If your database or schema name contains characters other than letters, digits, or underscores (e.g. my-database), it's a quoted, case-sensitive identifier. Reference it with quotes preserved wherever you use a fully-qualified name, e.g. `"my-database".PUBLIC.CHALK_UNLOAD_STAGE_S3`. Also make sure your session has a current database/schema set (`USE DATABASE` / `USE SCHEMA`) before running stage operations, or use a fully-qualified stage name.

Step 5: Grant Permissions

Run against your Snowflake instance.
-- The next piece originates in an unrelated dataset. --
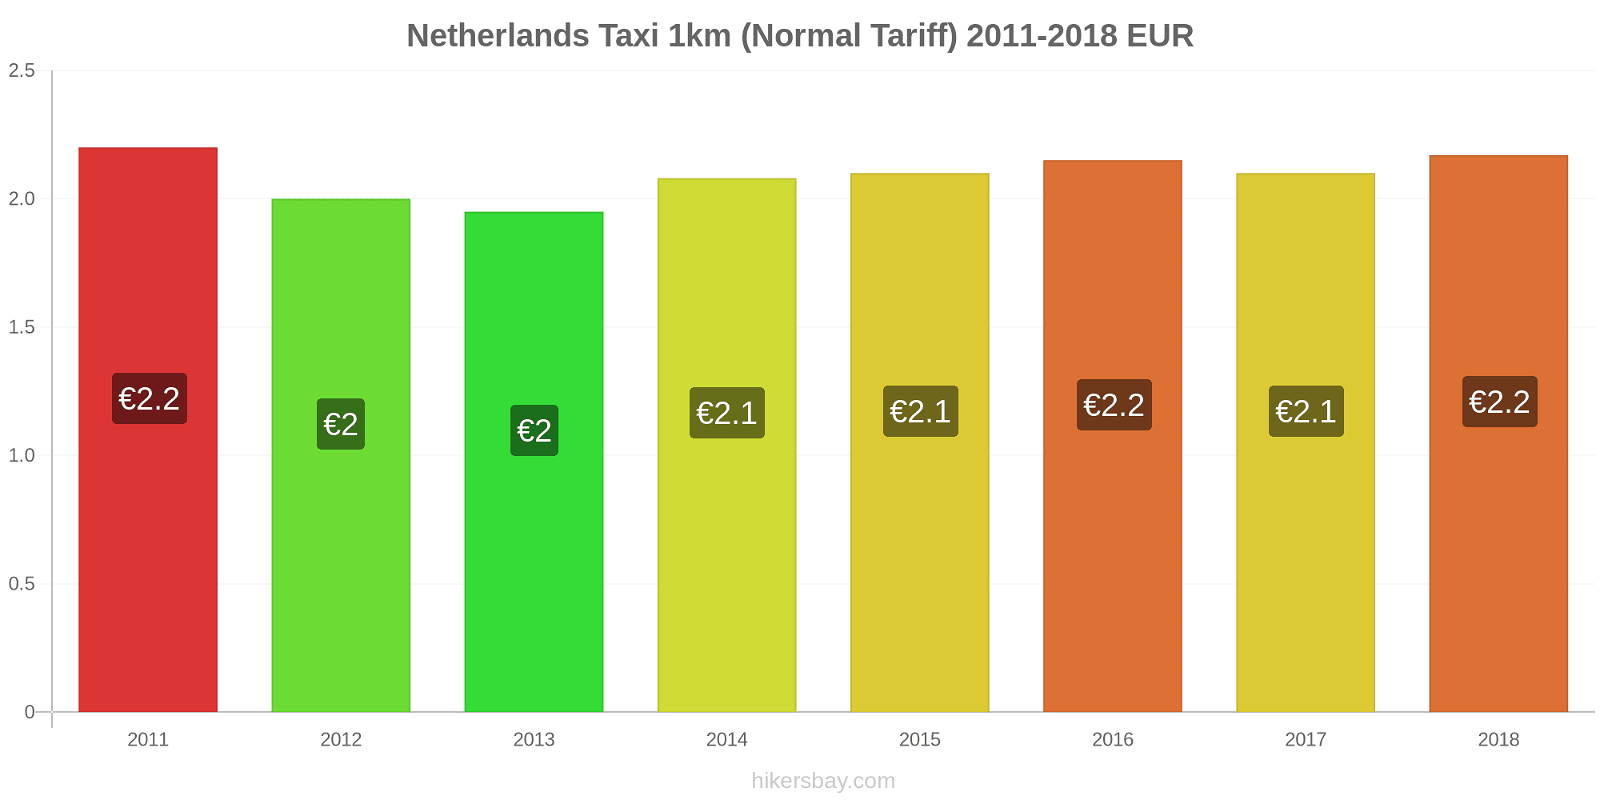 Netherlands price changes Taxi 1km (Normal Tariff) hikersbay.com

This grants the Chalk role access to the storage integration and stage so it can perform the unload:

-- Variables for reference (example values; use the same names as the earlier steps)
SET ROLE_NAME='CHALK_ROLE';
SET INTEGRATION_NAME='S3_INTEGRATION_CHALK_DATA_BUCKET';
SET STAGE_NAME='CHALK_UNLOAD_STAGE_S3';

-- Grant usage on storage integration
GRANT USAGE ON INTEGRATION <INTEGRATION_NAME> TO ROLE <ROLE_NAME>;

-- Grant stage permissions
GRANT USAGE ON STAGE <STAGE_NAME> TO ROLE <ROLE_NAME>;
GRANT READ, WRITE ON STAGE <STAGE_NAME> TO ROLE <ROLE_NAME>;

Step 6: Validate

You can optionally validate the integration end-to-end using

SELECT SYSTEM$VALIDATE_STORAGE_INTEGRATION('S3_INTEGRATION_CHALK_DATA_BUCKET', 's3://chalk-data-bucket/unload/', 'test.csv', 'WRITE');

After completing these steps, continue to Configure Chalk Configuration Variables.

Setup Unloading with GCS

Run the SQL snippets against your Snowflake instance (as a user with the ACCOUNTADMIN role); the IAM steps are performed in your Google Cloud project.

For background, see the Snowflake documentation:

Create Storage Integration

Run against your Snowflake instance. This creates the storage integration object that Snowflake will use to authenticate to GCS:

-- Set variables (customize these for your environment)
SET INTEGRATION_NAME='GCS_INTEGRATION_CHALK_DATA_BUCKET';
SET GCS_BUCKET='gcs://chalk-data-bucket/';

-- Create storage integration if it doesn't exist
CREATE STORAGE INTEGRATION IF NOT EXISTS IDENTIFIER($INTEGRATION_NAME)
  TYPE = EXTERNAL_STAGE
  STORAGE_PROVIDER = 'GCS'
  ENABLED = TRUE
  STORAGE_ALLOWED_LOCATIONS = ($GCS_BUCKET);

-- Verify integration and retrieve the Snowflake-managed service account
DESCRIBE INTEGRATION IDENTIFIER($INTEGRATION_NAME);

Use underscores rather than hyphens in INTEGRATION_NAME.

GCS bucket URIs use the gcs:// scheme in Snowflake SQL (not gs://).

From the DESCRIBE INTEGRATION output, record the STORAGE_GCP_SERVICE_ACCOUNT value — an email like service-account-id@project.iam.gserviceaccount.com. You will grant this service account access to your bucket in the next step.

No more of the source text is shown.